In Advocacy, Clinical Development, Market Access, Orphan Drug Congress, Partnering & Investment, Regulation & Government by Freya SmaleLeave a Comment

We are thrilled to announce the release of the 2016 World Orphan Drug Congress USA brochure!

Following 5 years of success, the 6th Annual World Orphan Drug Congress USA  is once again gearing up to bring together stakeholders from all over the world. From humble beginnings as a small conference that brought together the few pioneers spearheading the progress in orphan drugs development it became known as the event that brought this community together. It is testament to how the industry has grown that now there are 3 simultaneous conference streams and an exhibition hall of over 40 stands at the Washington Hilton in D.C.

Here are 11 reasons why you should not only download the World Orphan Drug Congress USA brochure, but you should also be in Washington D.C. on April 20-22 next year.

Get your copy today to find out more about what we are discussing, who is speaking and who is sponsoring.

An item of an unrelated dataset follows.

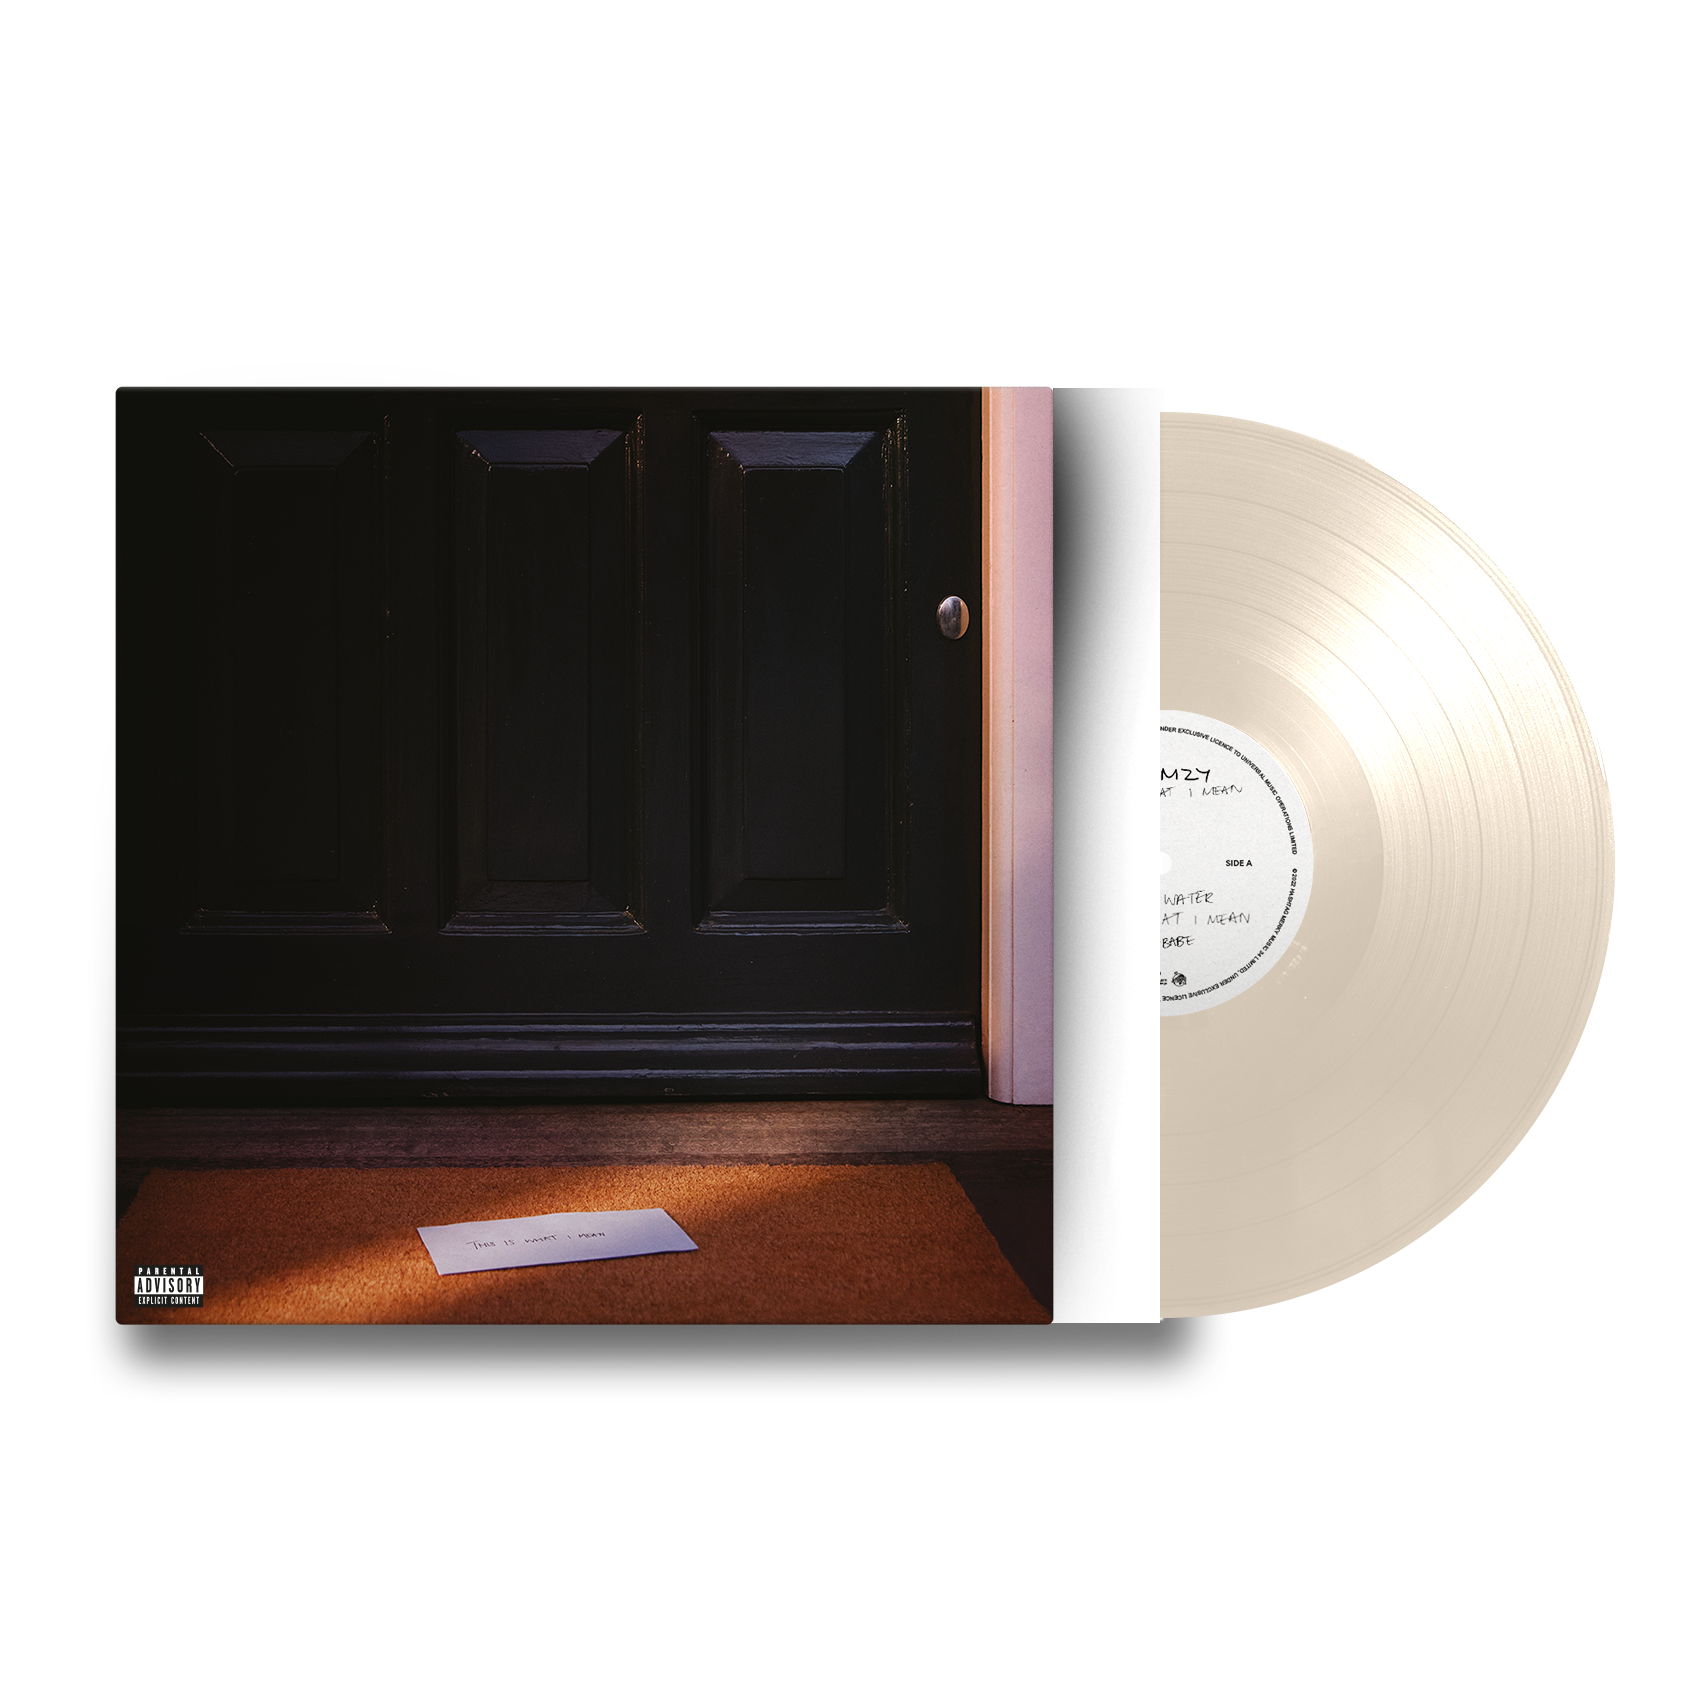 Stormzy - This Is What I Mean: Limited Cream Vinyl 2LP

  1. Discuss international orphan drug policy developments from regulators and stakeholders in the U.S., Europe, Malaysia, Chile, Japan, Canada and the Philippines.
  2. Hear about the advocacy work done by patient groups from Argentina, Mexico, Brazil, Japan and Malaysia.
  3. Understand the ethics of Expanded Access in the US and what ‘Right To Try’ really is from Art Caplan, Head of the Division of Medical Ethics at the NYU Langone Medical Center. 
  4. Learn about the challenges faced by physicians in the rare disease space and how industry can engage Key Opinion Leaders strengthening patient outreach and clinical trial performance.
  5. Understand how the  21st Century Cures and Innovations Acts can facilitate faster treatment development for devastating diseases or increase the risk of approving drugs that are not effective or safe from Novartis, NORD, Ultragenyx and the FDA.
  6. Join James Greenwood, from the Biotechnology Industry Organization, Ian Phillips from the Keck Graduate Institute of Applied Life Sciences and Steve Usdin from BioCentury in the pricing debate for orphan drugs and hear about appropriate pricing models for a one-time transformational gene therapy vs. orphan drugs for life.
  7. Hear Alvin Shih from Retrophin explain the accelerated approval (subpart H) pathway and its relevance to rare disease drug development.
  8. Uncover the latest innovations in our Pitch & Partner session. We’re bringing even more companies than last year. Meet with 35 biotechs looking for partners. 
  9. Explore how stakeholders are looking to improve the processes behind orphan drug development when Yann Le Cam shares Europe’s Medicine Adaptive Pathways to Patients (MAPPs).
  10. Join Biomarin, Alexion, PTC, Veloxis, Novartis, EURORDIS and the NIH at the Rare Disease Advocacy World discuss the nitty gritty of R&D, regulatory, patients’ rights, bioethics and collaboration.
  11. Examine how Aetna is creating a systematic process to orphan drug discovery by starting with the unmet needs of payers and patients.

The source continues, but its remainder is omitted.